In 1950, British computer scientist Alan Turing proposed an experimental method for answering the question: can machines think? He suggested if a human couldn’t tell whether they were speaking to an artificially intelligent (AI) machine or another human after five minutes of questioning, this would demonstrate AI has human-like intelligence.
Although AI systems remained far from passing Turing’s test during his lifetime, he speculated that
“[…] in about fifty years’ time it will be possible to programme computers […] to make them play the imitation game so well that an average interrogator will not have more than 70% chance of making the right identification after five minutes of questioning.
Today, more than 70 years after Turing’s proposal, no AI has managed to successfully pass the test by fulfilling the specific conditions he outlined. Nonetheless, as some headlines reflect, a few systems have come quite close.
One recent experiment tested three large language models, including GPT-4 (the AI technology behind ChatGPT). The participants spent two minutes chatting with either another person or an AI system. The AI was prompted to make small spelling mistakes – and quit if the tester became too aggressive.
With this prompting, the AI did a good job of fooling the testers. When paired with an AI bot, testers could only correctly guess whether they were talking to an AI system 60% of the time.
Given the rapid progress achieved in the design of natural language processing systems, we may see AI pass Turing’s original test within the next few years.
But is imitating humans really an effective test for intelligence? And if not, what are some alternative benchmarks we might use to measure AI’s capabilities?
Limitations of the Turing test
While a system passing the Turing test gives us some evidence it is intelligent, this test is not a decisive test of intelligence. One problem is it can produce "false negatives”.
Today’s large language models are often designed to immediately declare they are not human. For example, when you ask ChatGPT a question, it often prefaces its answer with the phrase “as an AI language model”. Even if AI systems have the underlying ability to pass the Turing test, this kind of programming would override that ability.
The test also risks certain kinds of “false positives”. As philosopher Ned Block pointed out in a 1981 article, a system could conceivably pass the Turing test simply by being hard-coded with a human-like response to any possible input.
Beyond that, the Turing test focuses on human cognition in particular. If AI cognition differs from human cognition, an expert interrogator will be able to find some task where AIs and humans differ in performance.
Regarding this problem, Turing wrote:
This objection is a very strong one, but at least we can say that if, nevertheless, a machine can be constructed to play the imitation game satisfactorily, we need not be troubled by this objection.
In other words, while passing the Turing test is good evidence a system is intelligent, failing it is not good evidence a system is not intelligent.
Moreover, the test is not a good measure of whether AIs are conscious, whether they can feel pain and pleasure, or whether they have moral significance. According to many cognitive scientists, consciousness involves a particular cluster of mental abilities, including having a working memory, higher-order thoughts, and the ability to perceive one’s environment and model how one’s body moves around it.
The Turing test does not answer the question of whether or not AI systems have these abilities.
AI’s growing capabilities
The Turing test is based on a certain logic. That is: humans are intelligent, so anything that can effectively imitate humans is likely to be intelligent.

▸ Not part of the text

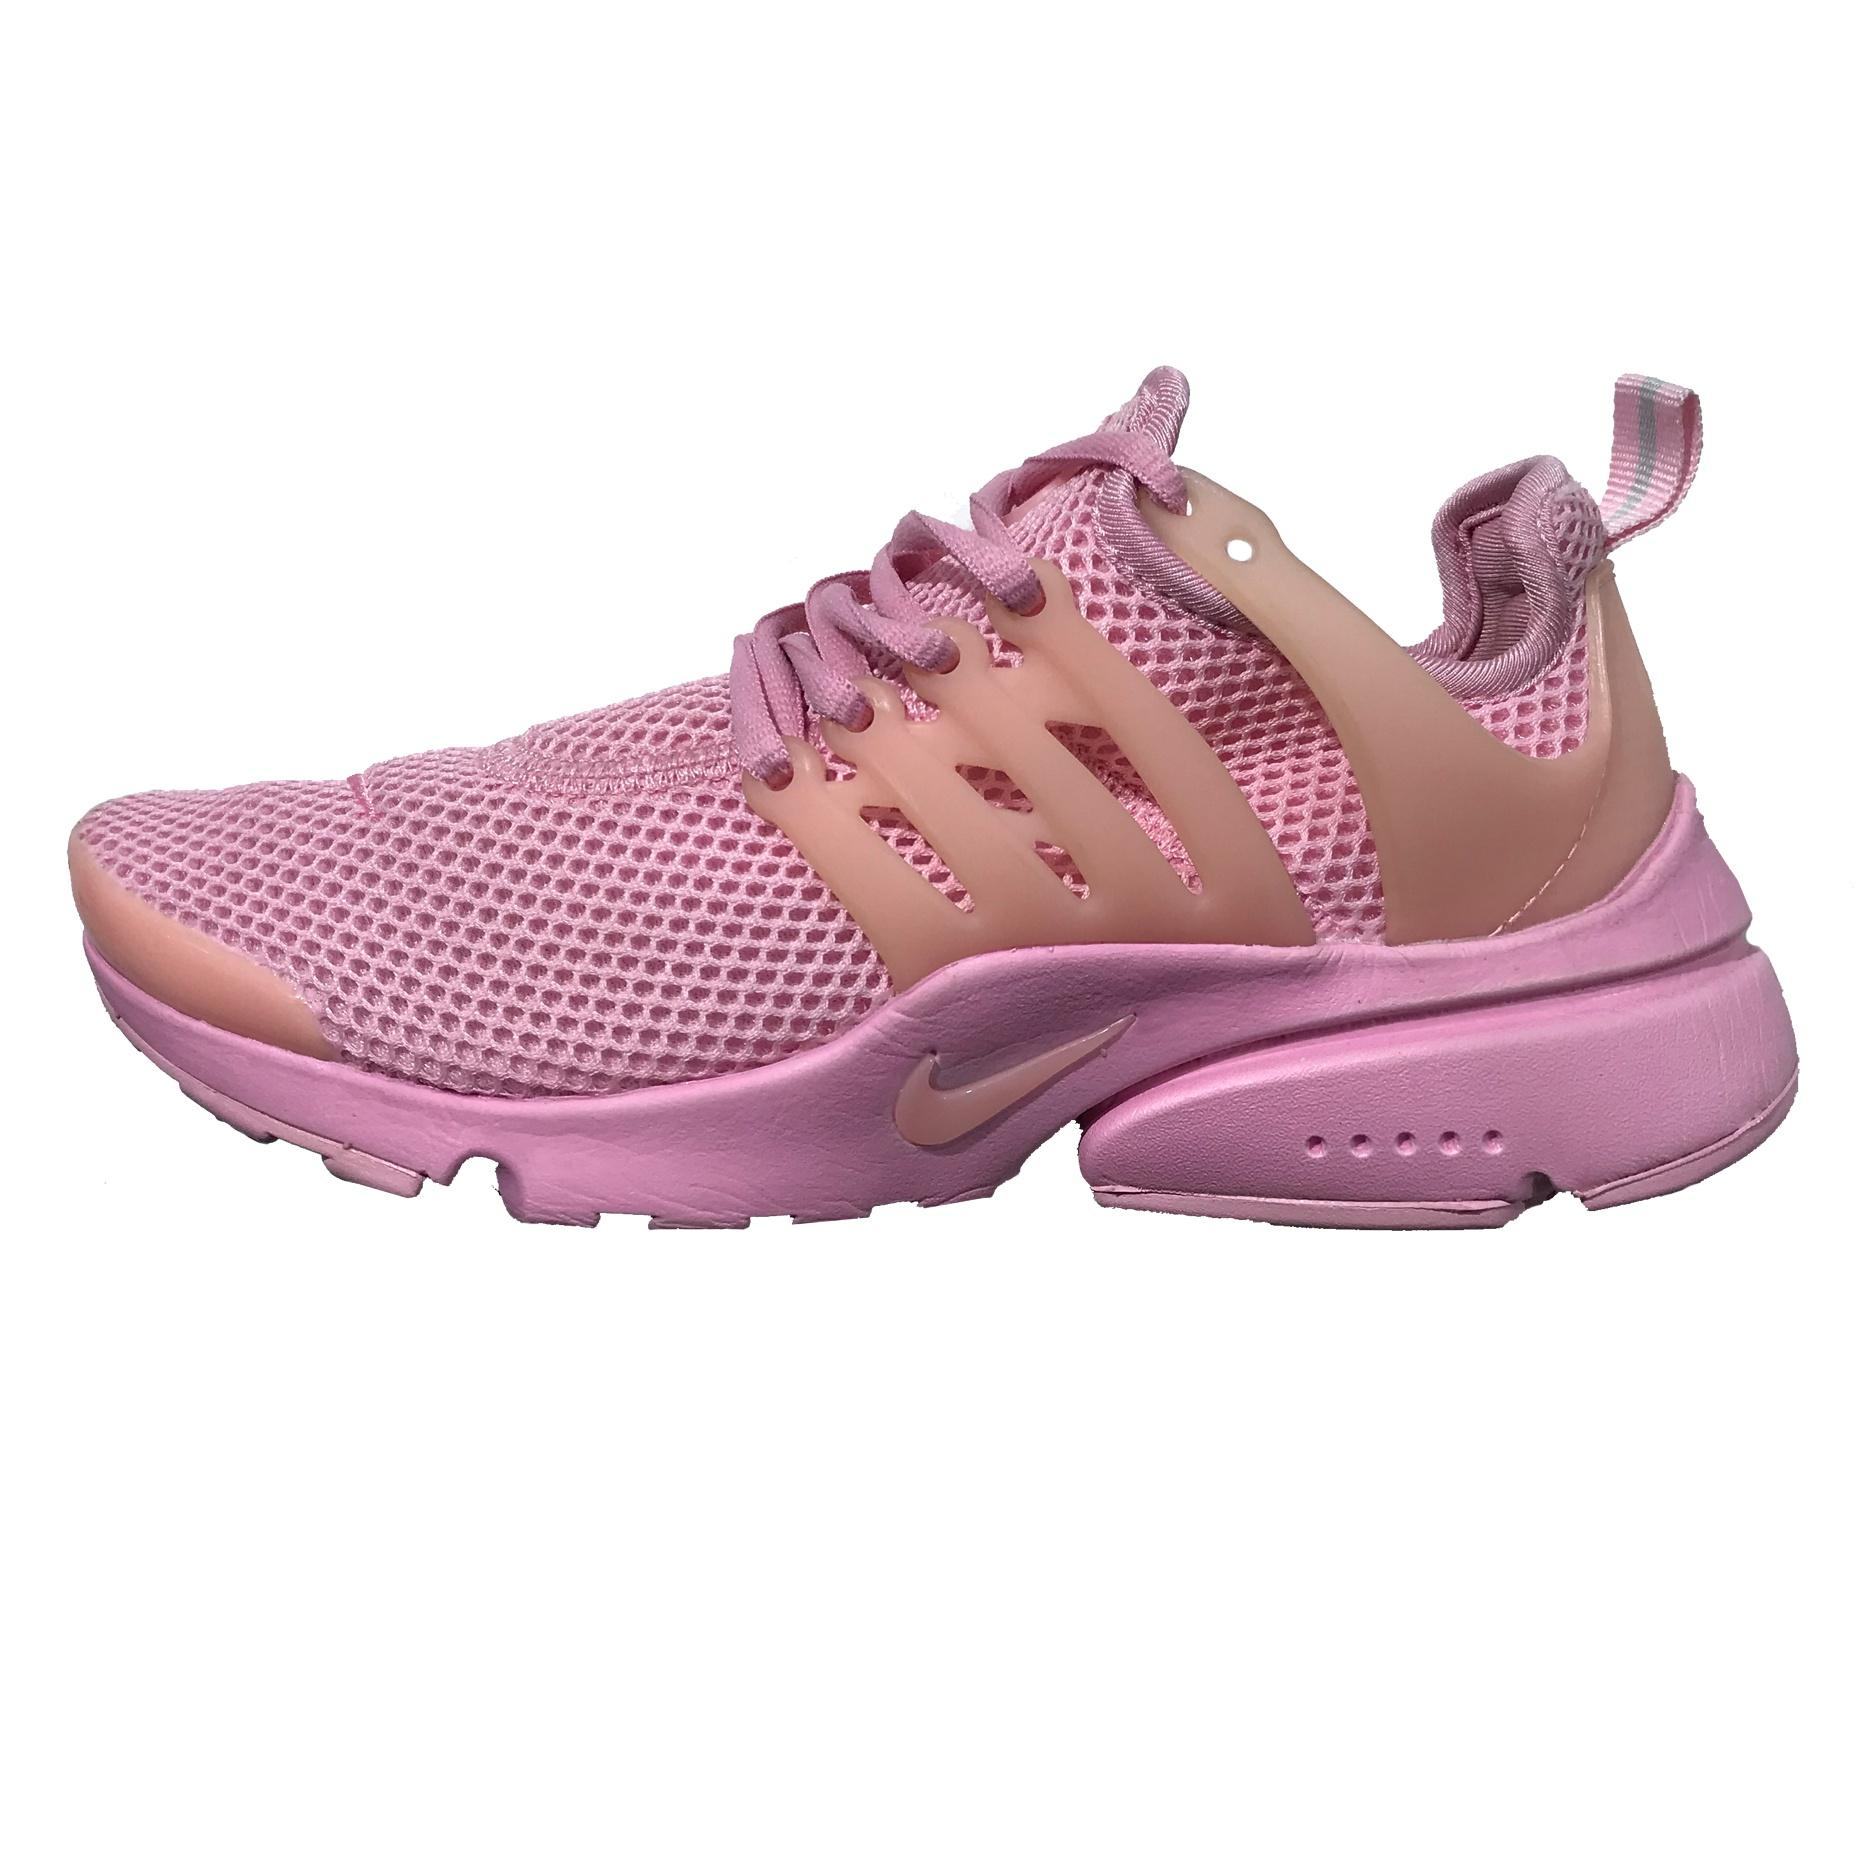 کفش پیاده روی زنانه مدل Presto کد 007
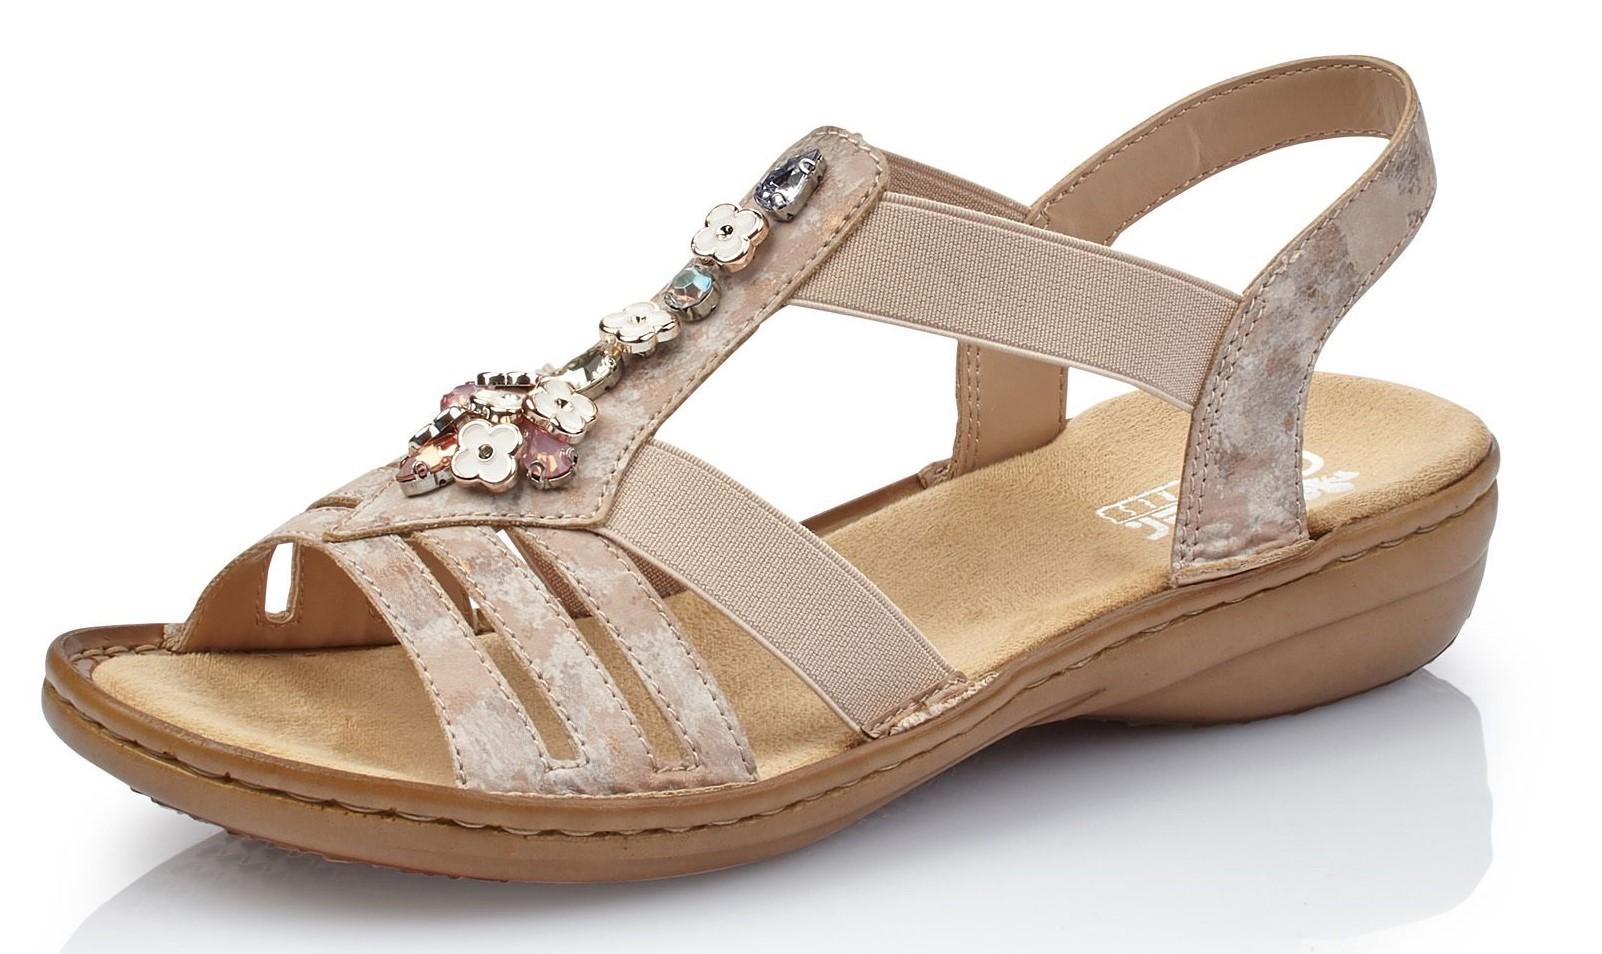 neues Design Junge Bestpreis rieker sandalen ebay

But this idea doesn’t tell us anything about the nature of intelligence. A different way to measure AI’s intelligence involves thinking more critically about what intelligence is.
There is currently no single test that can authoritatively measure artificial or human intelligence.
At the broadest level, we can think of intelligence as the ability to achieve a range of goals in different environments. More intelligent systems are those which can achieve a wider range of goals in a wider range of environments.
As such, the best way to keep track of advances in the design of general-purpose AI systems is to assess their performance across a variety of tasks. Machine learning researchers have developed a range of benchmarks that do this.
For example, GPT-4 was able to correctly answer 86% of questions in massive multitask language understanding – a benchmark measuring performance on multiple choice tests across a range of college-level academic subjects.
It also scored favourably in AgentBench, a tool that can measure a large language model’s ability to behave as an agent by, for example, browsing the web, buying products online and competing in games.
Is the Turing test still relevant?
The Turing test is a measure of imitation – of AI’s ability to simulate the human behaviour. Large language models are expert imitators, which is now being reflected in their potential to pass the Turing test. But intelligence is not the same as imitation.
There are as many types of intelligence as there are goals to achieve. The best way to understand AI’s intelligence is to monitor its progress in developing a range of important capabilities.
At the same time, it’s important we don’t keep “changing the goalposts” when it comes to the question of whether AI is intelligent. Since AI’s capabilities are rapidly improving, critics of the idea of AI intelligence are constantly finding new tasks AI systems may struggle to complete – only to find they have jumped over yet another hurdle.
In this setting, the relevant question isn’t whether AI systems are intelligent — but more precisely, what kinds of intelligence they may have.